=== Prompt ===
Each line of the data below should be restated exactly, with images left out.

=== Data block ===
%%
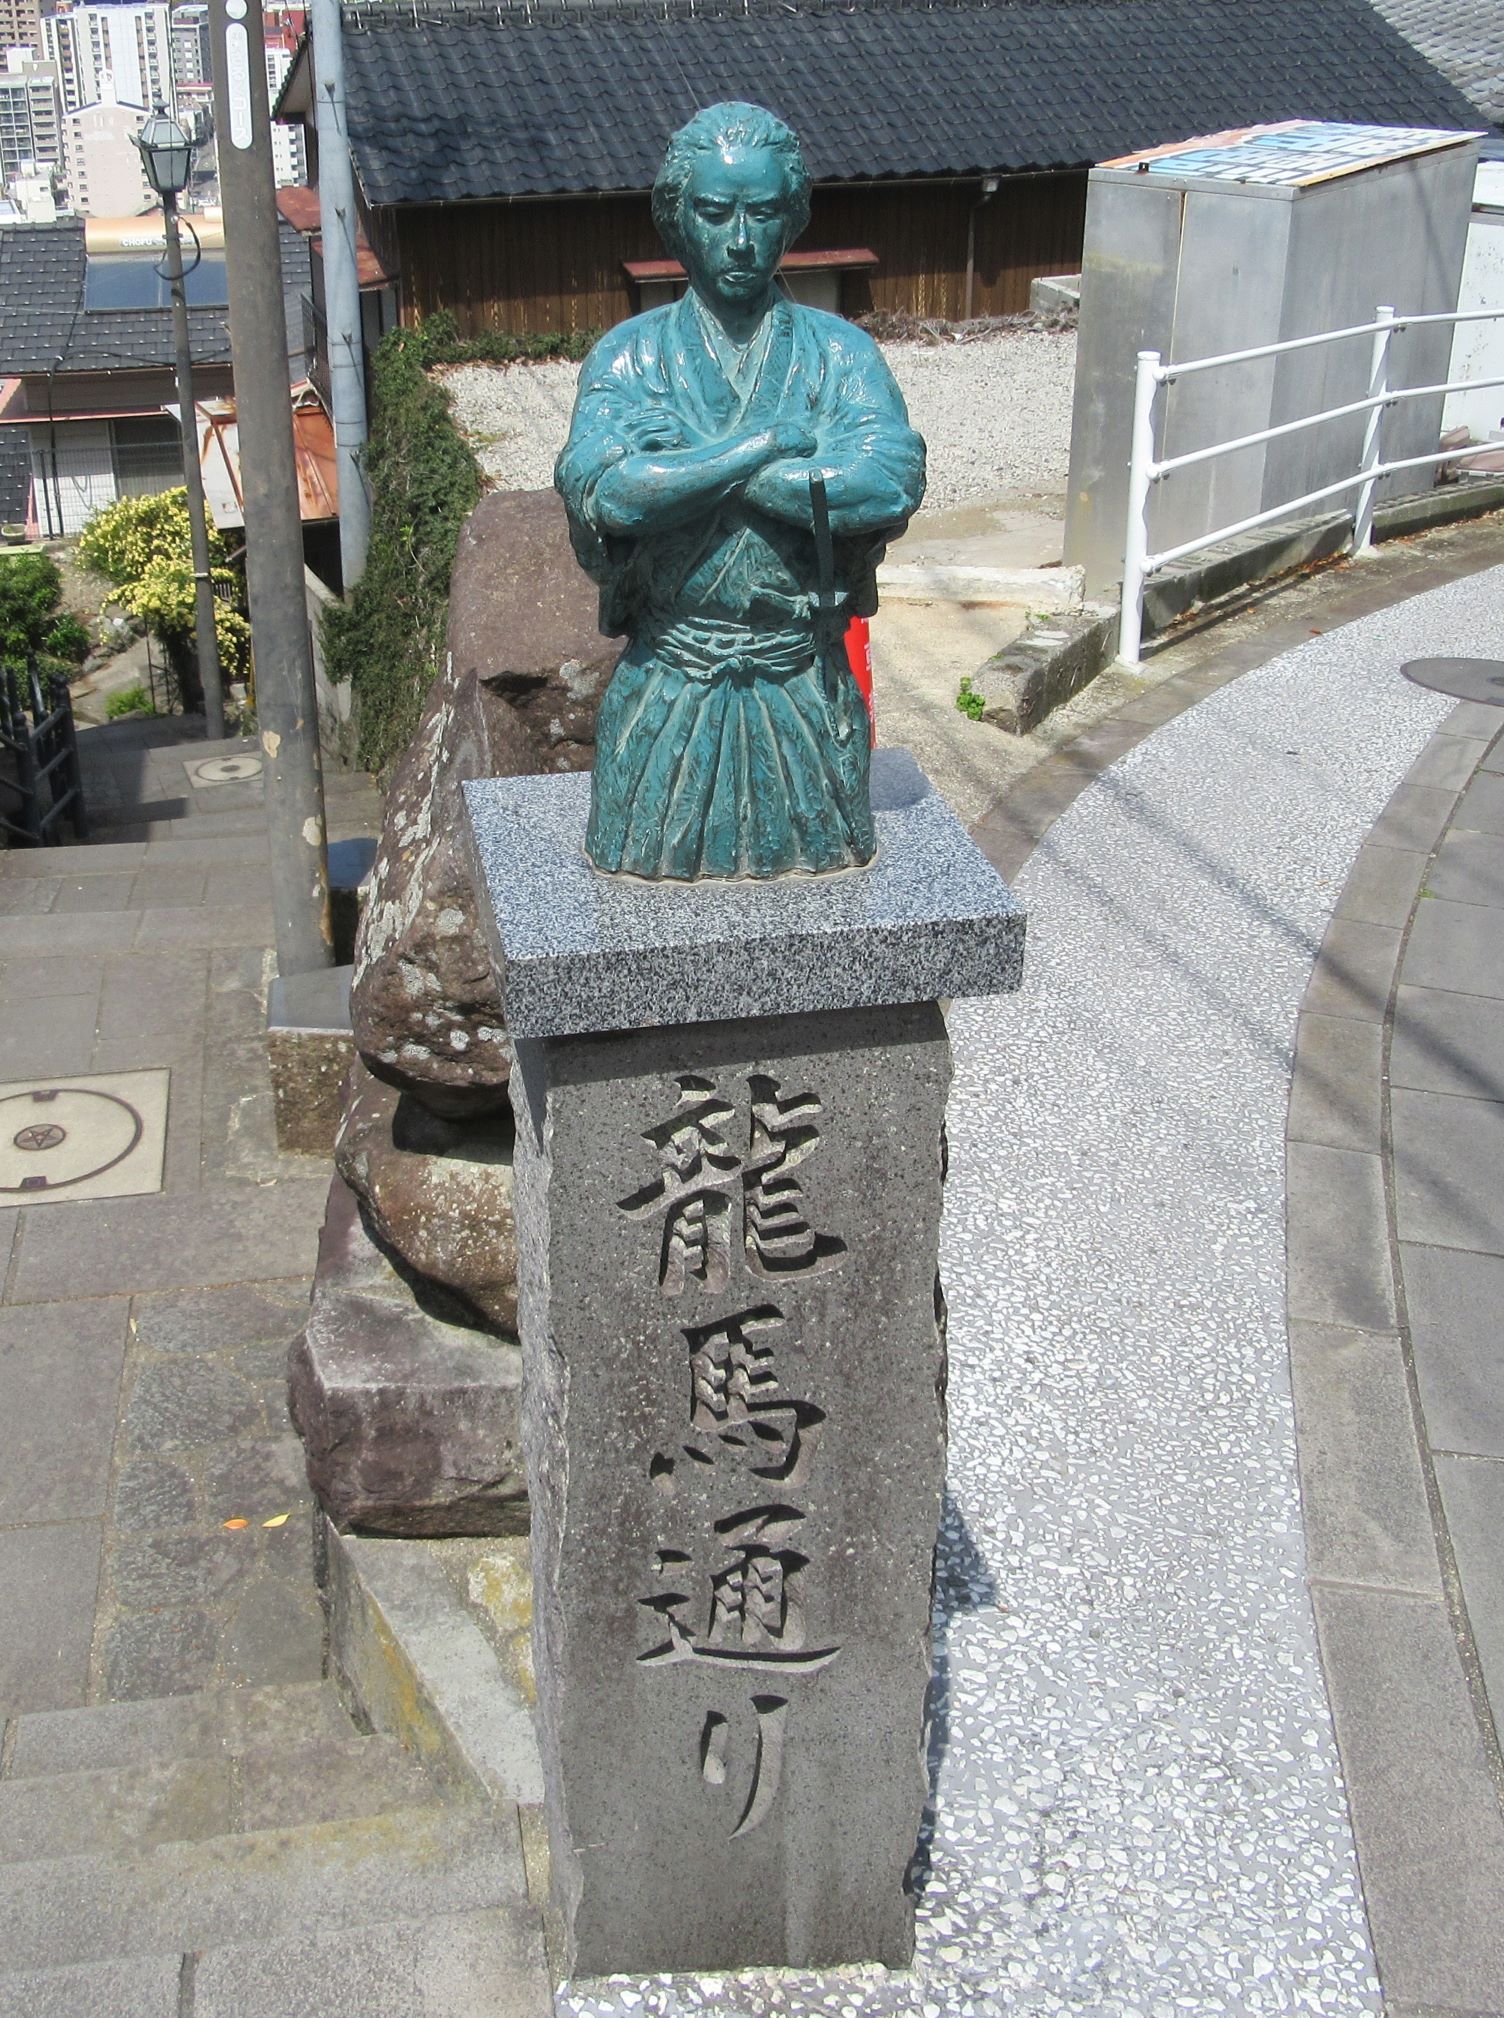 長崎県長崎市の風頭公園付近には龍馬通りという道があり、坂本龍馬の小さい像もあります。
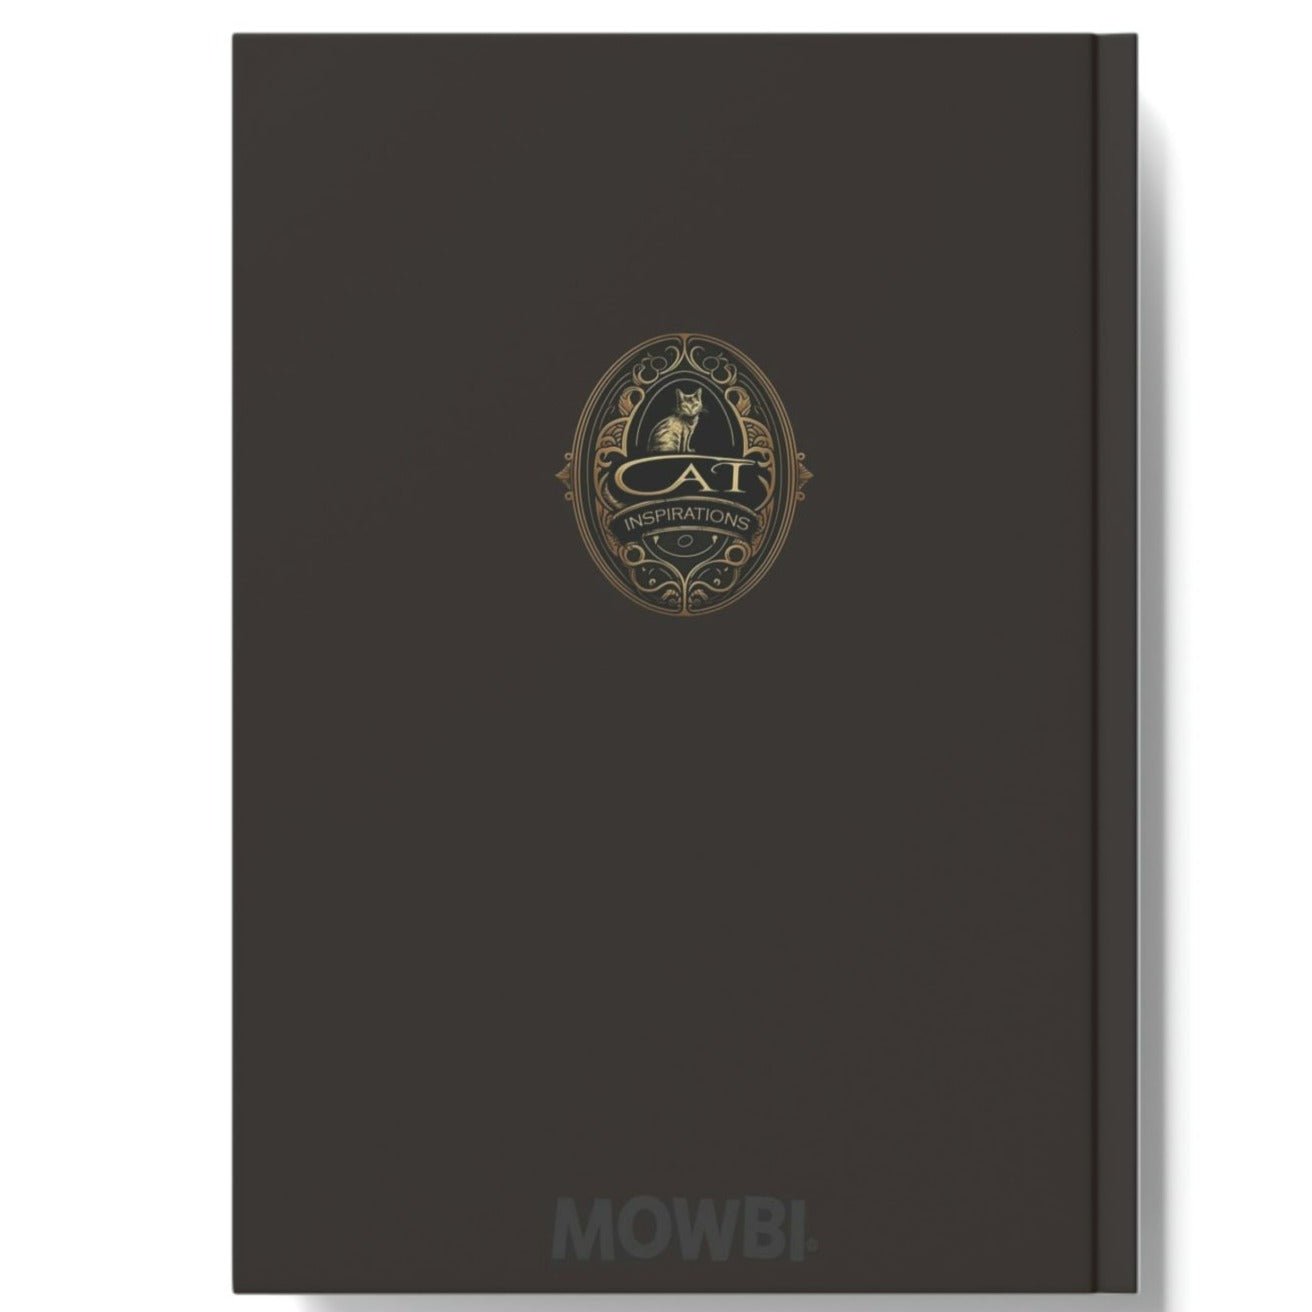 Savannah Cat Notebook - Modern - Cat Inspirations - Hard Backed Journal
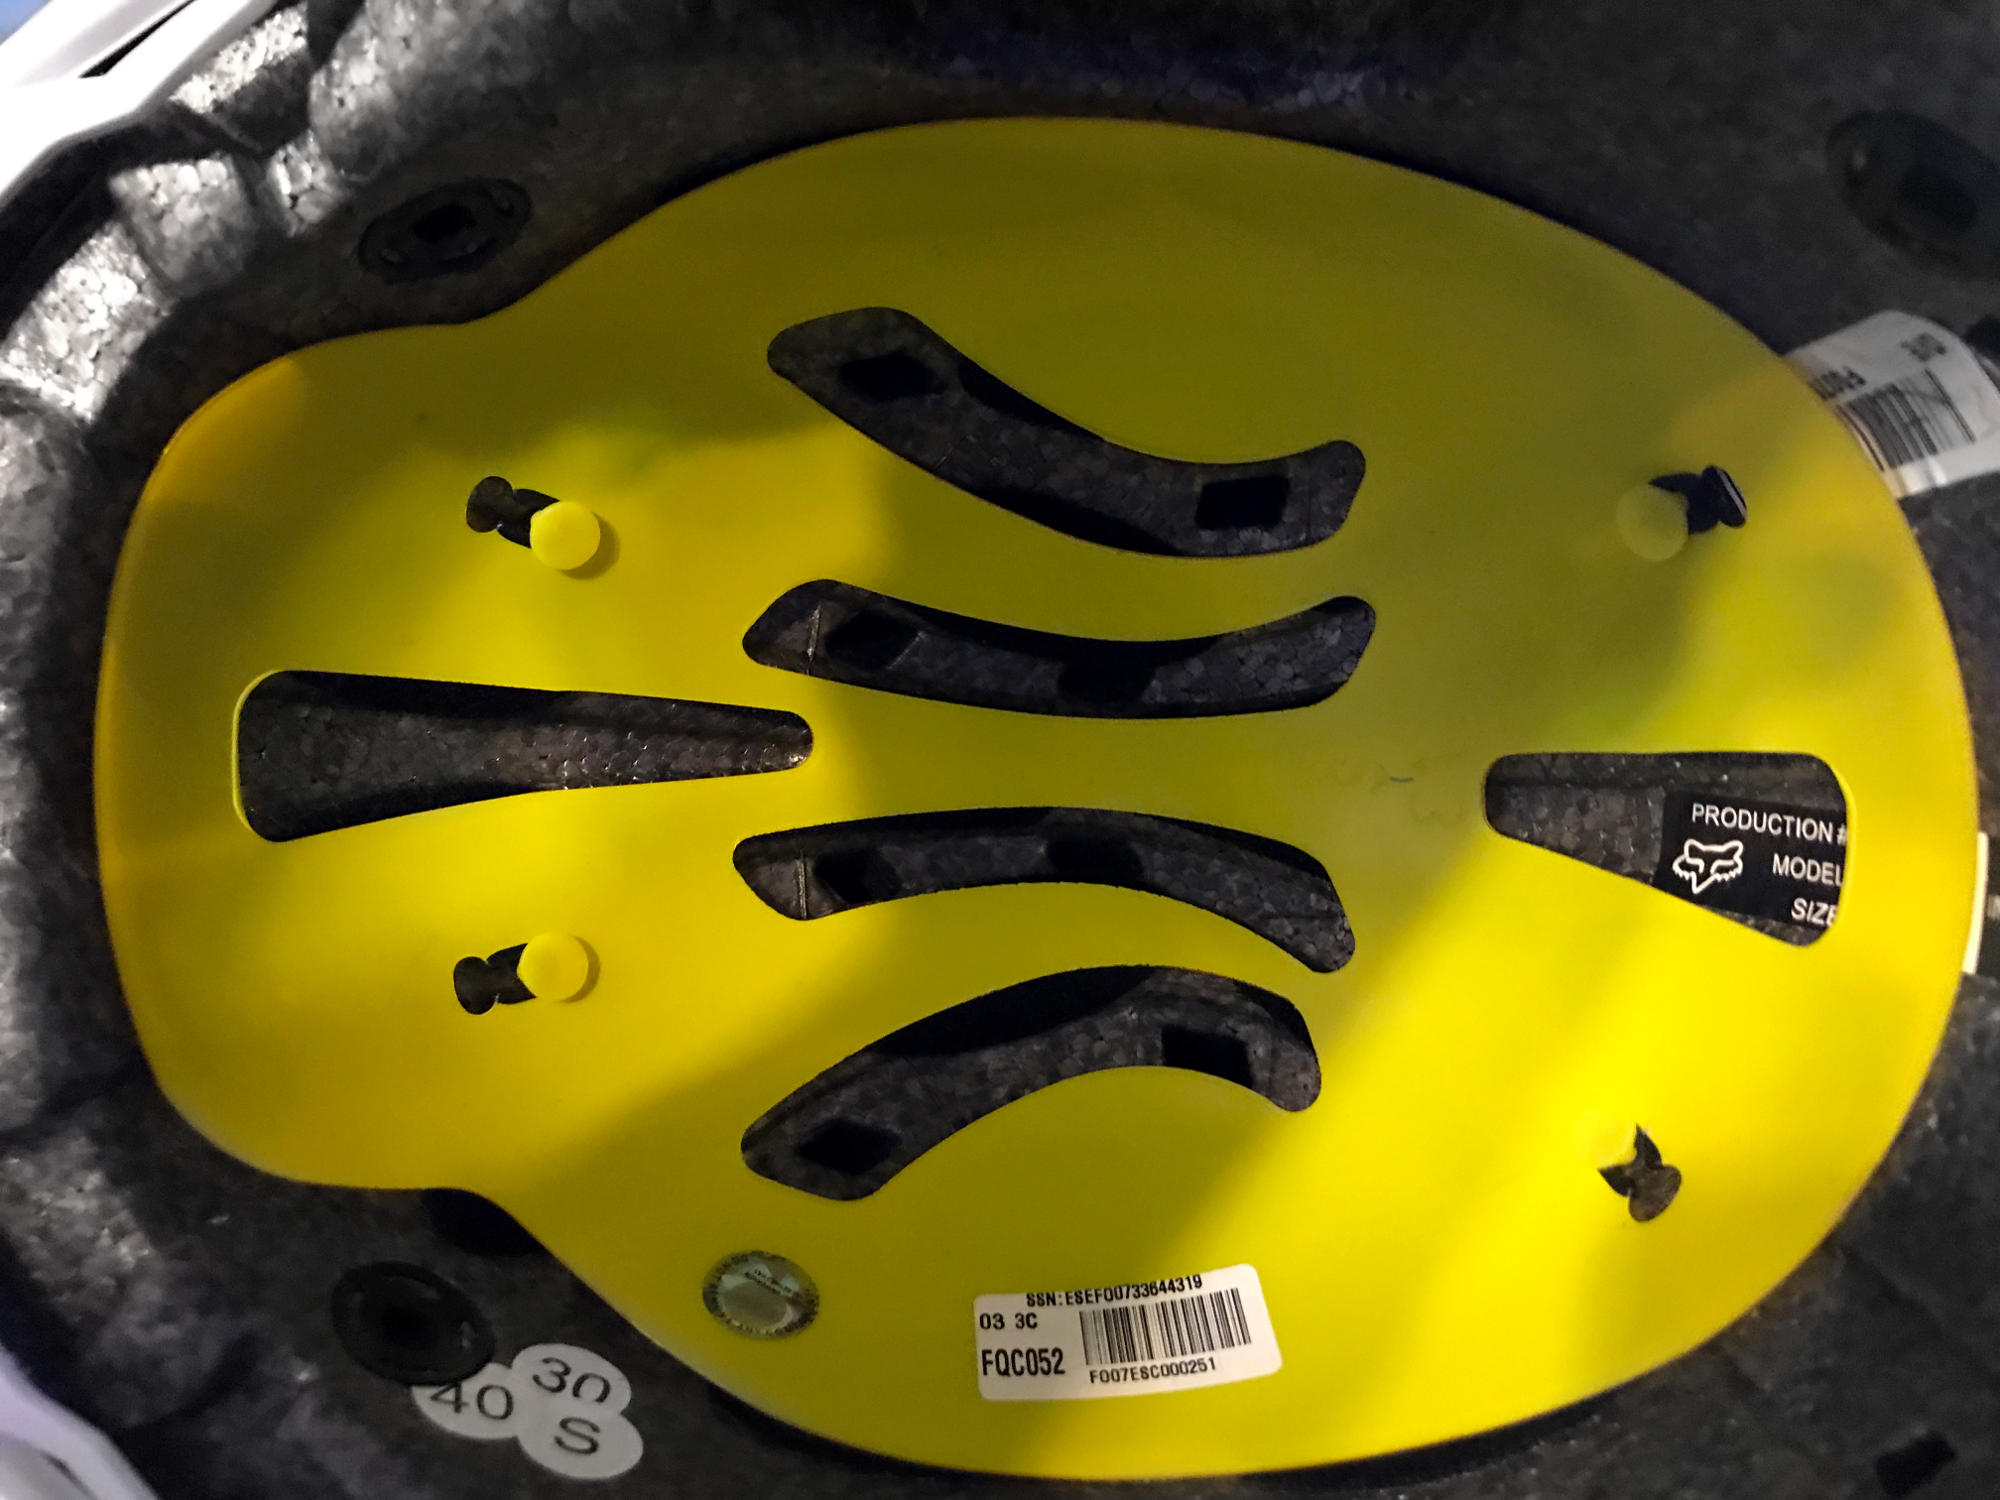 El casco amarillo del Sistema MIPS, a
%%
=== Exercise answer ===
 長崎県長崎市の風頭公園付近には龍馬通りという道があり、坂本龍馬の小さい像もあります。
 Savannah Cat Notebook - Modern - Cat Inspirations - Hard Backed Journal
 El casco amarillo del Sistema MIPS, a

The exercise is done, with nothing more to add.